§ Your goal: Search the records for the line with "Imagen de Macao". Output that line and each line after it, exactly, and stop at the end; omit pictures.

Data records
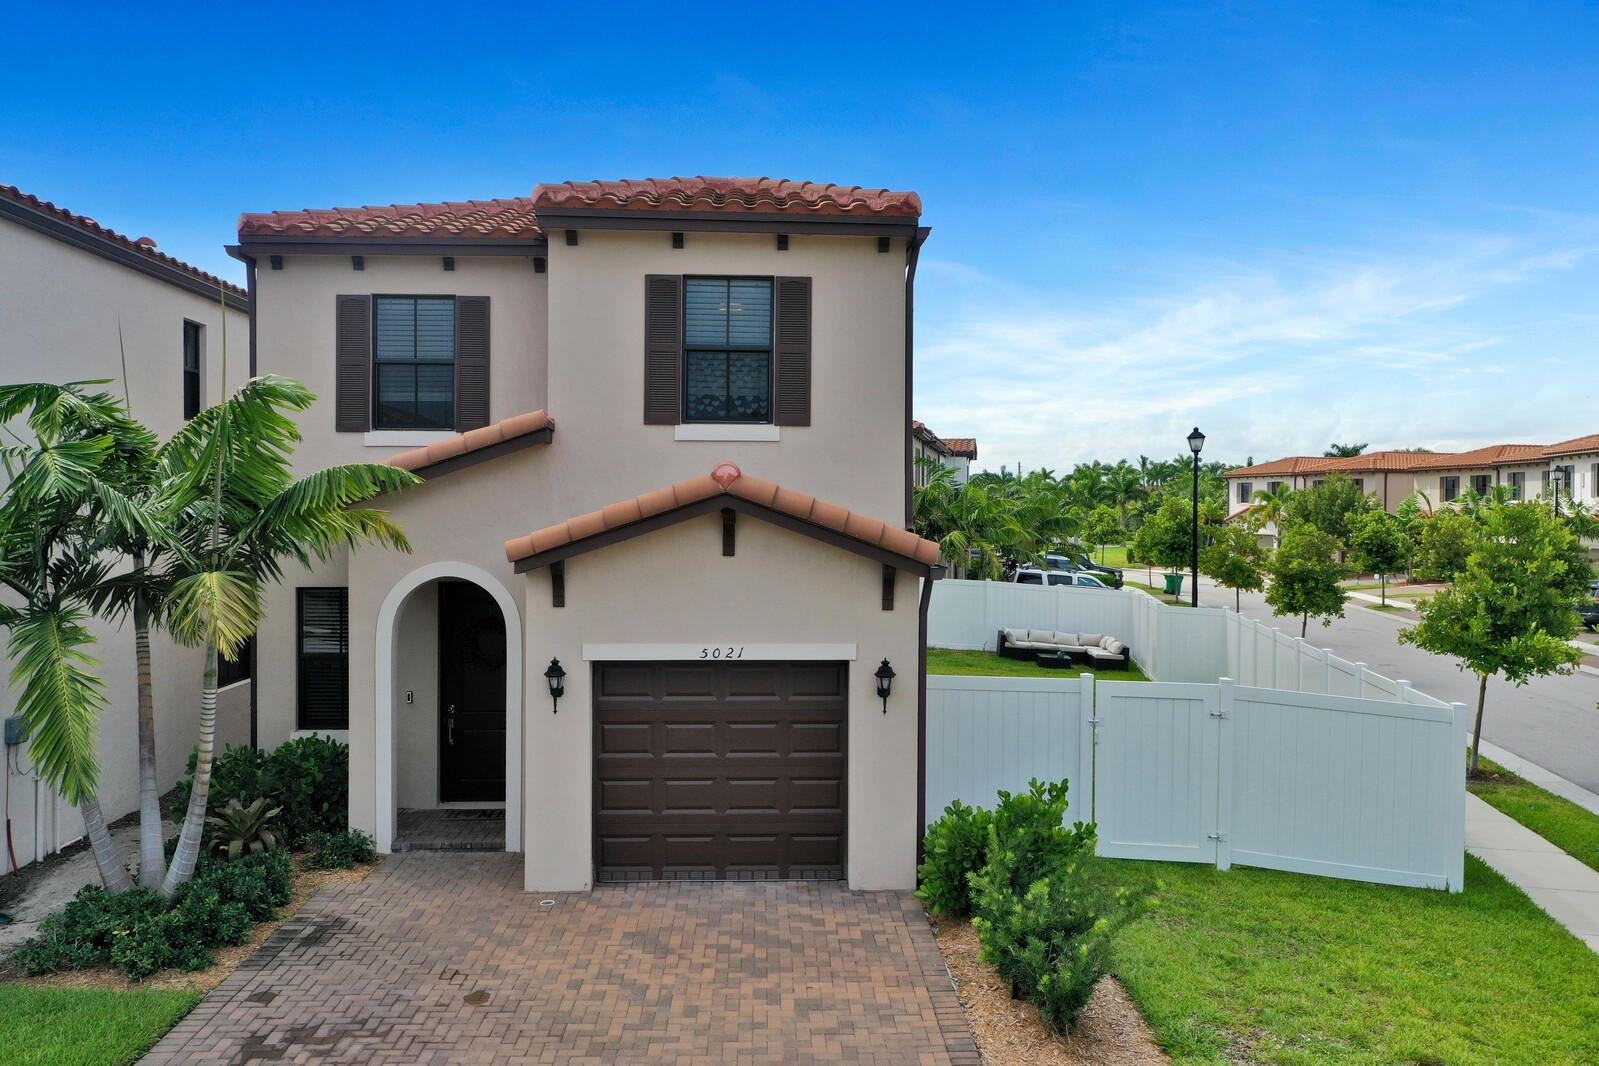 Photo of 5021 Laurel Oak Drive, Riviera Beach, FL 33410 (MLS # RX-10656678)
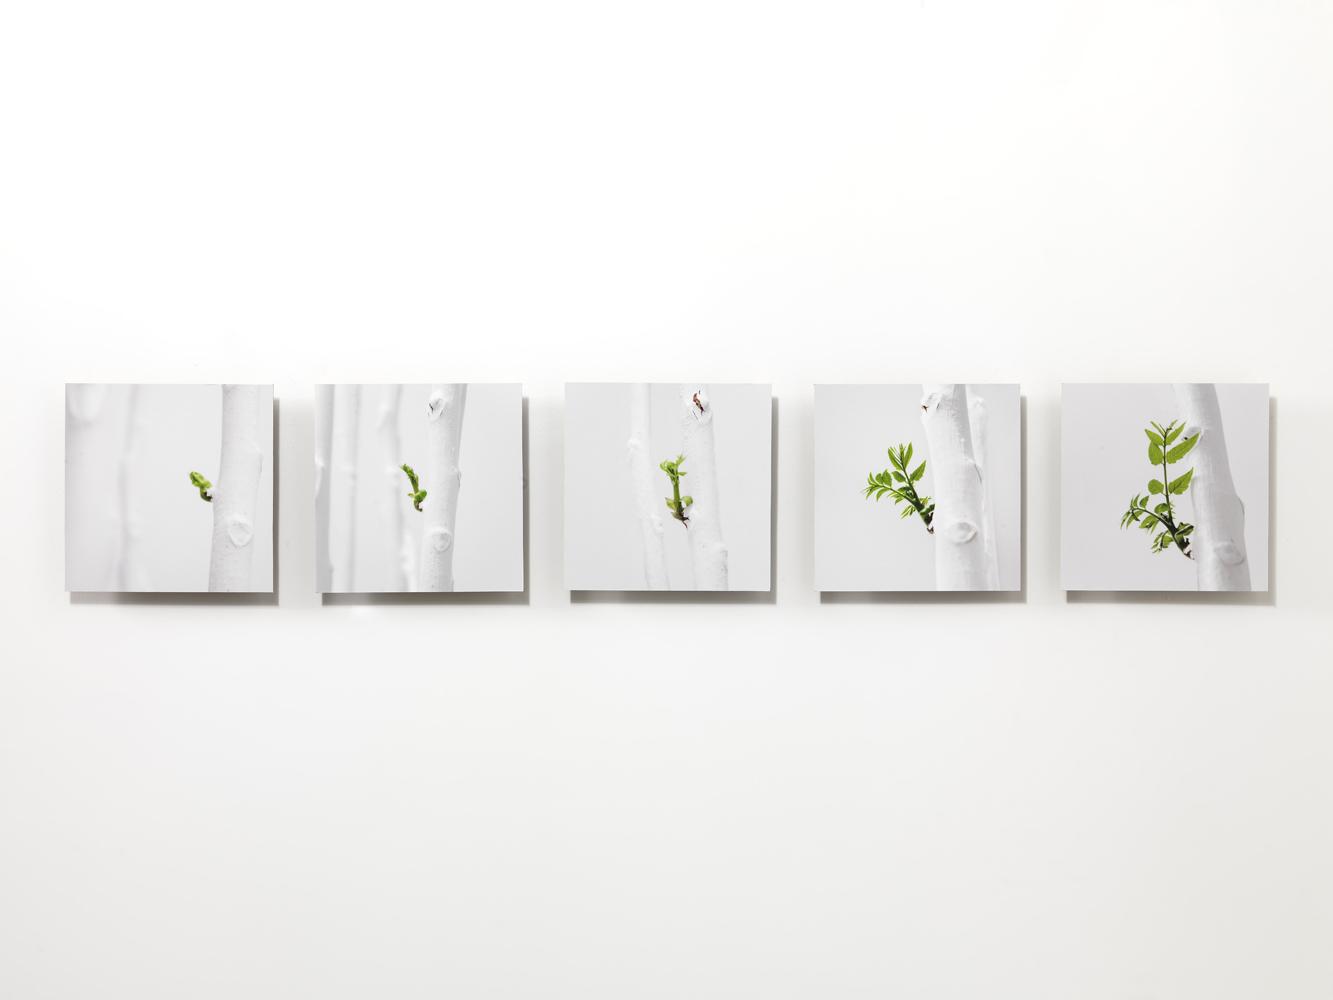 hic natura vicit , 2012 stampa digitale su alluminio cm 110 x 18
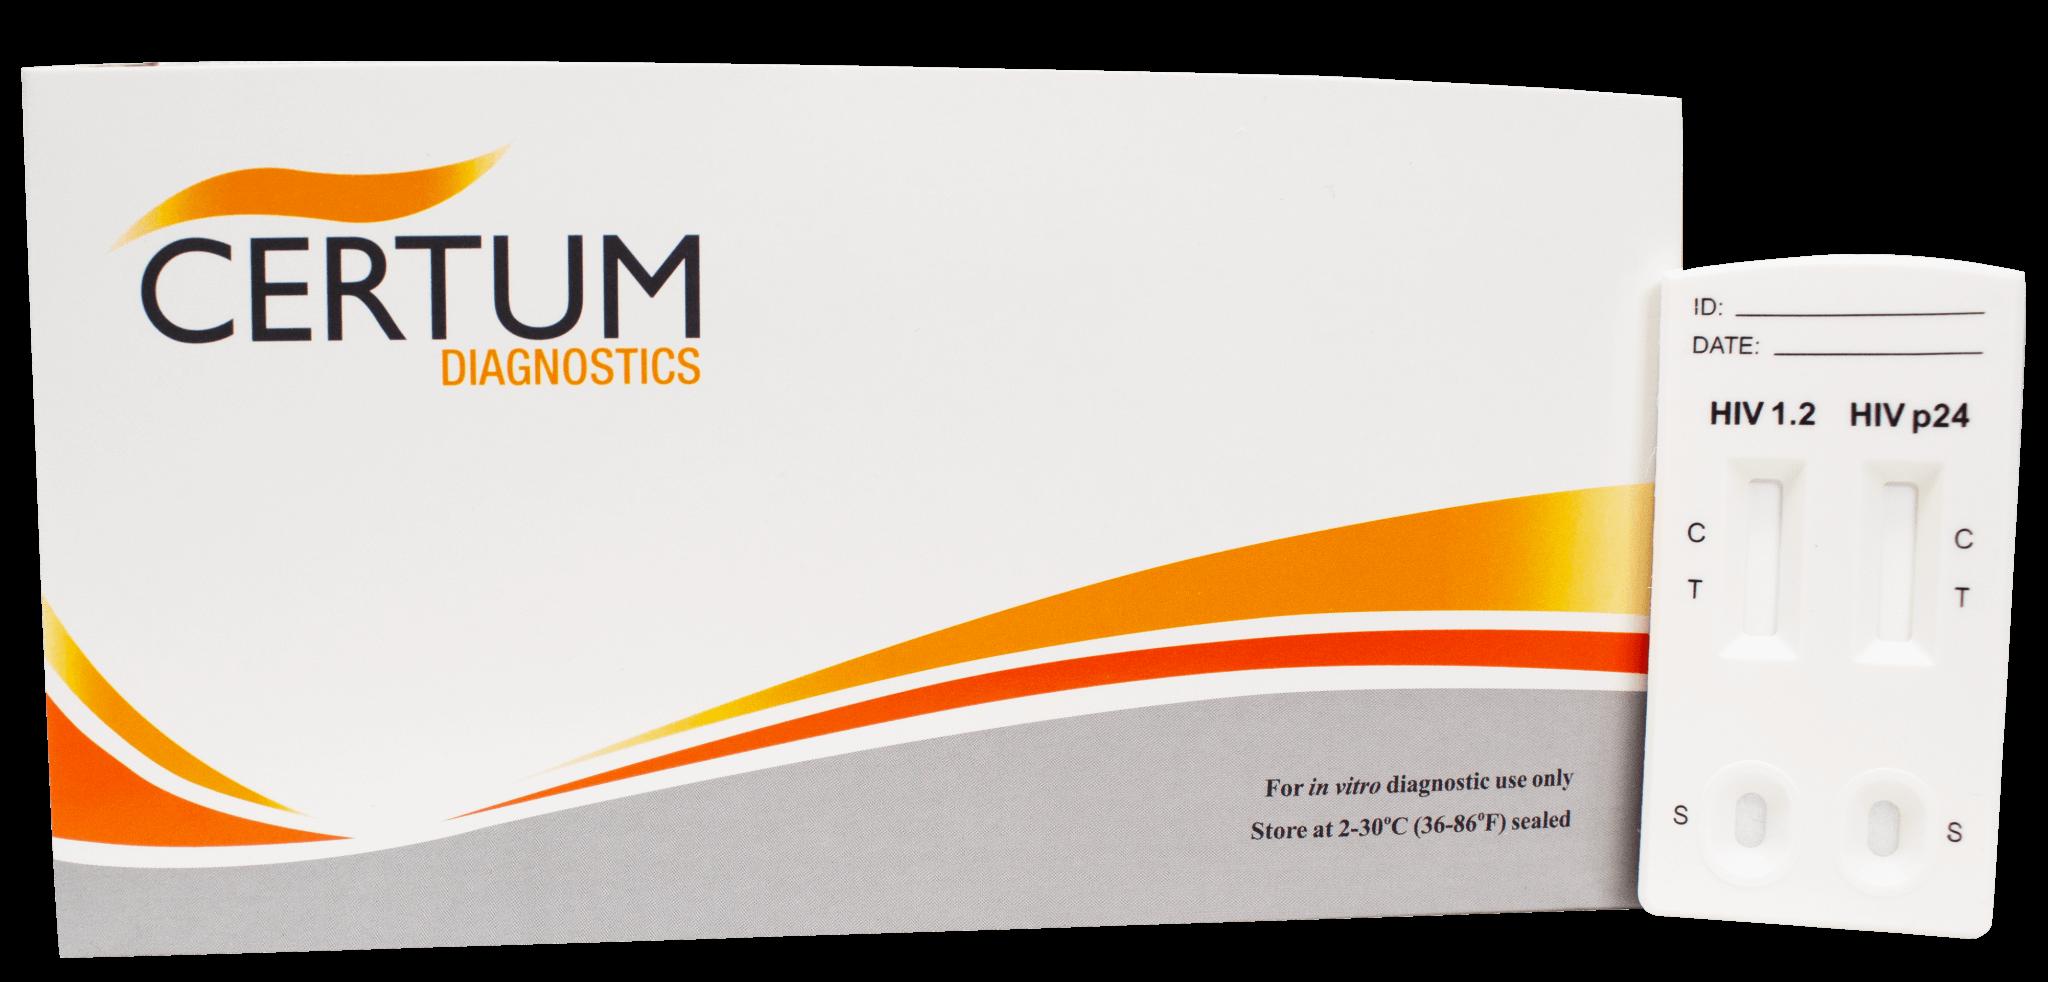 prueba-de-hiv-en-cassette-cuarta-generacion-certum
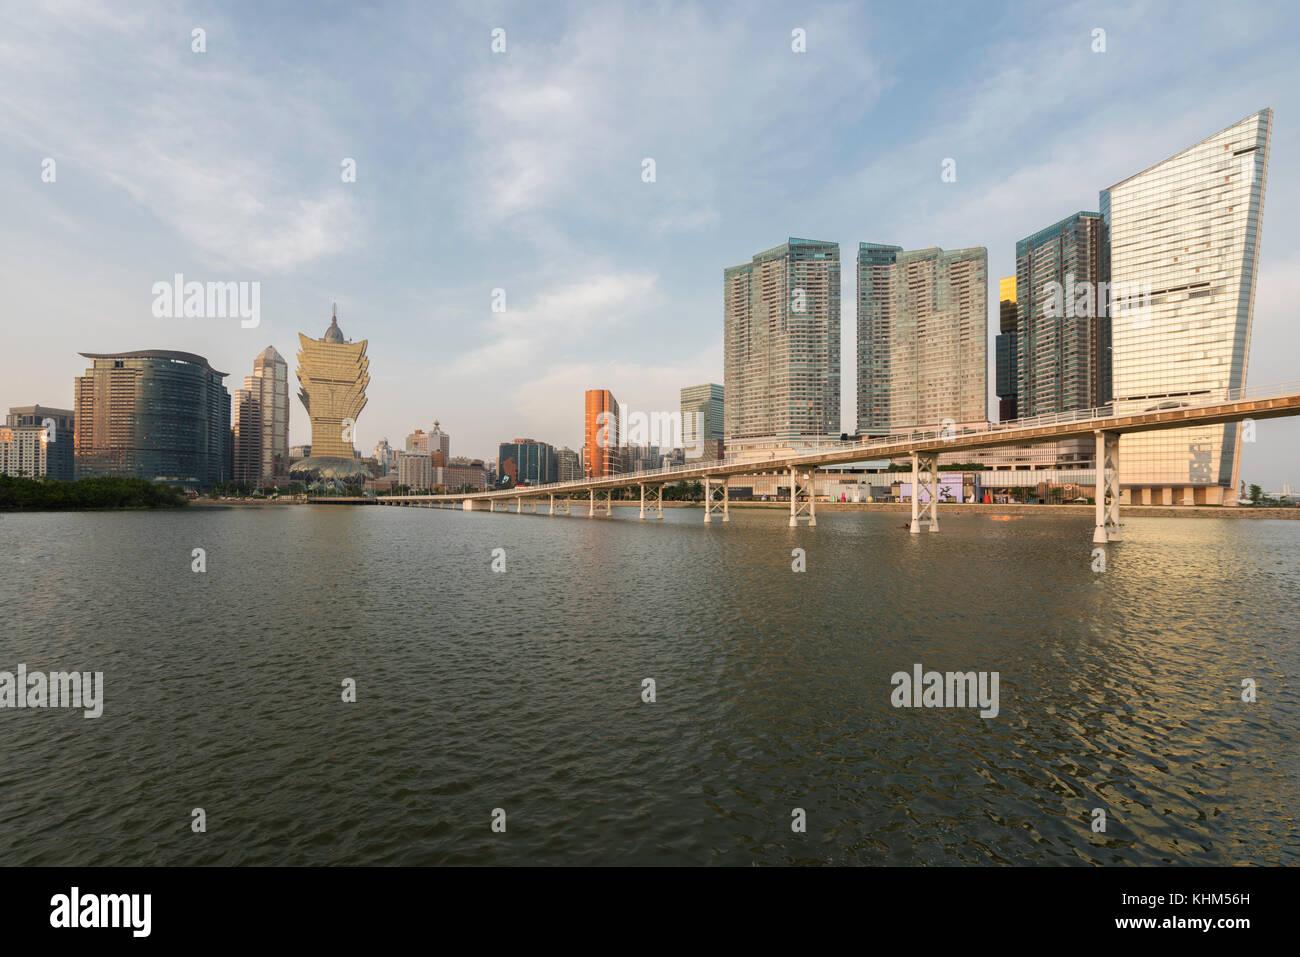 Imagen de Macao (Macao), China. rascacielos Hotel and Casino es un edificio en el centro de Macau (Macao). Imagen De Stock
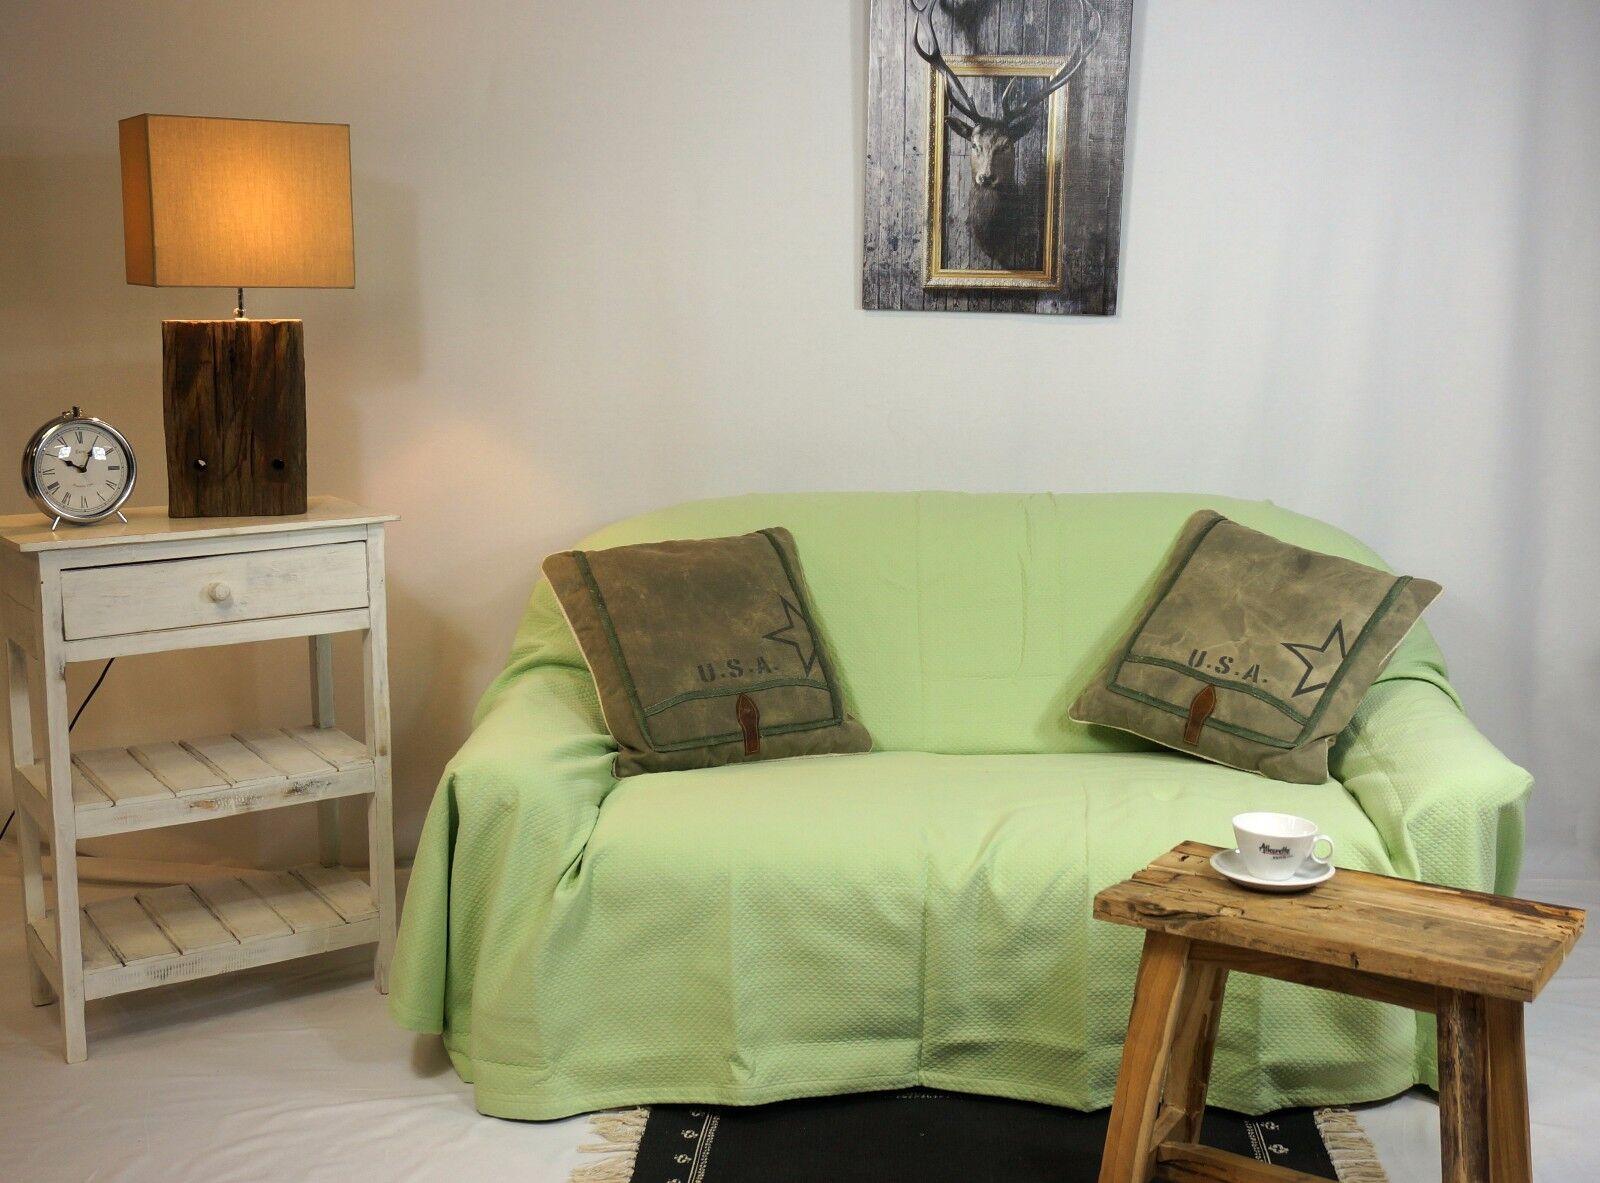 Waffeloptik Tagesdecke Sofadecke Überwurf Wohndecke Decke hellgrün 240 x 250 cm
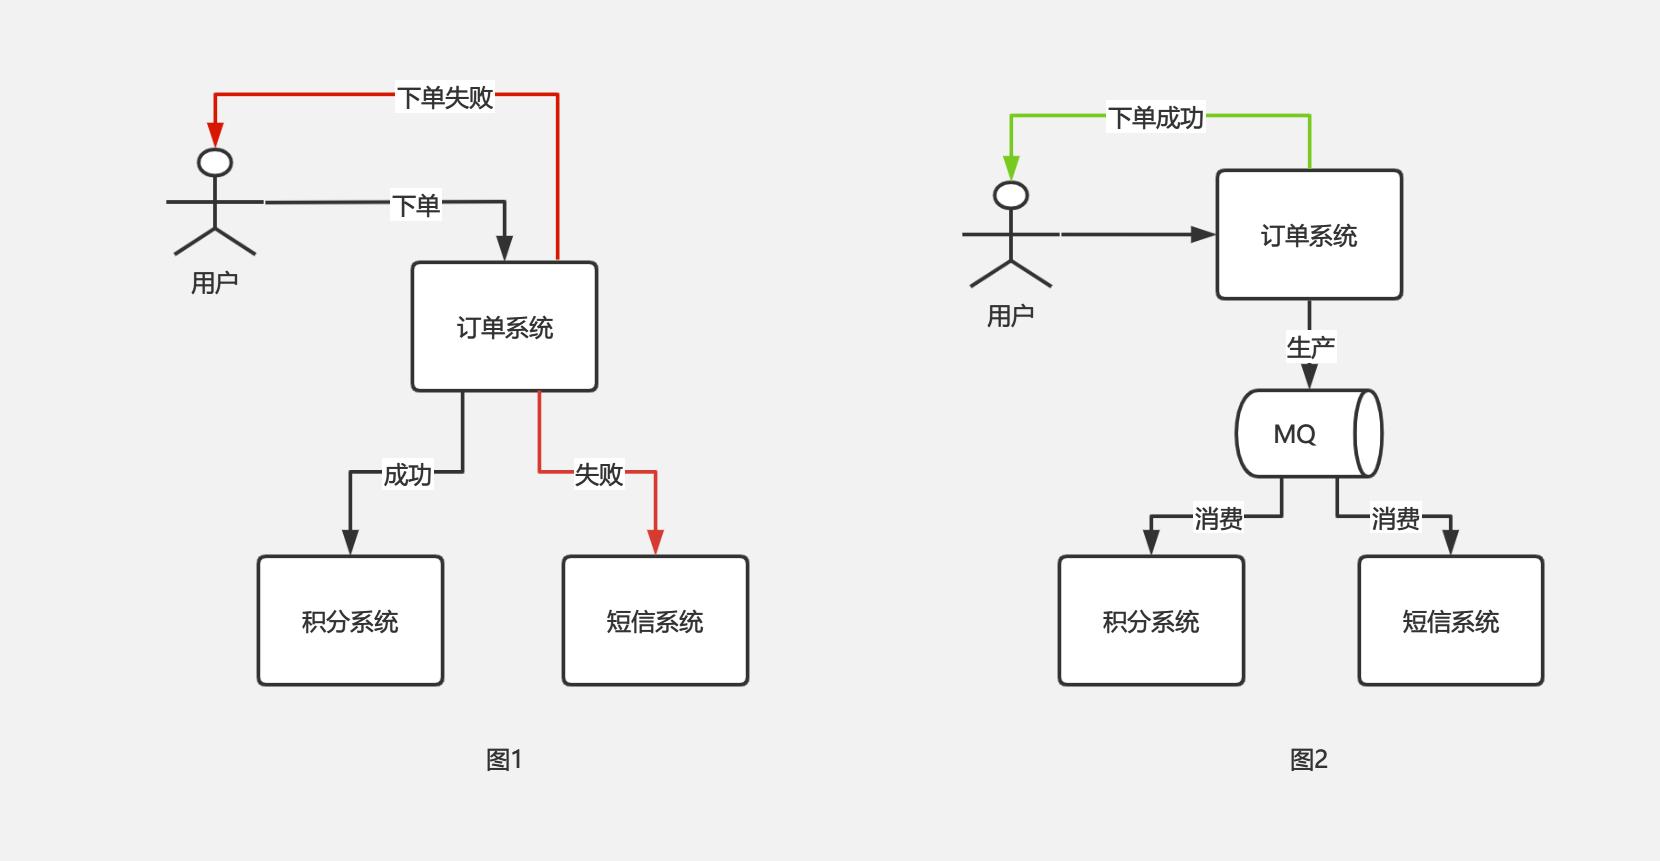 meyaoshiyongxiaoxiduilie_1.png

§ Task result:
 Imagen de Macao (Macao), China. rascacielos Hotel and Casino es un edificio en el centro de Macau (Macao). Imagen De Stock
 Waffeloptik Tagesdecke Sofadecke Überwurf Wohndecke Decke hellgrün 240 x 250 cm
 meyaoshiyongxiaoxiduilie_1.png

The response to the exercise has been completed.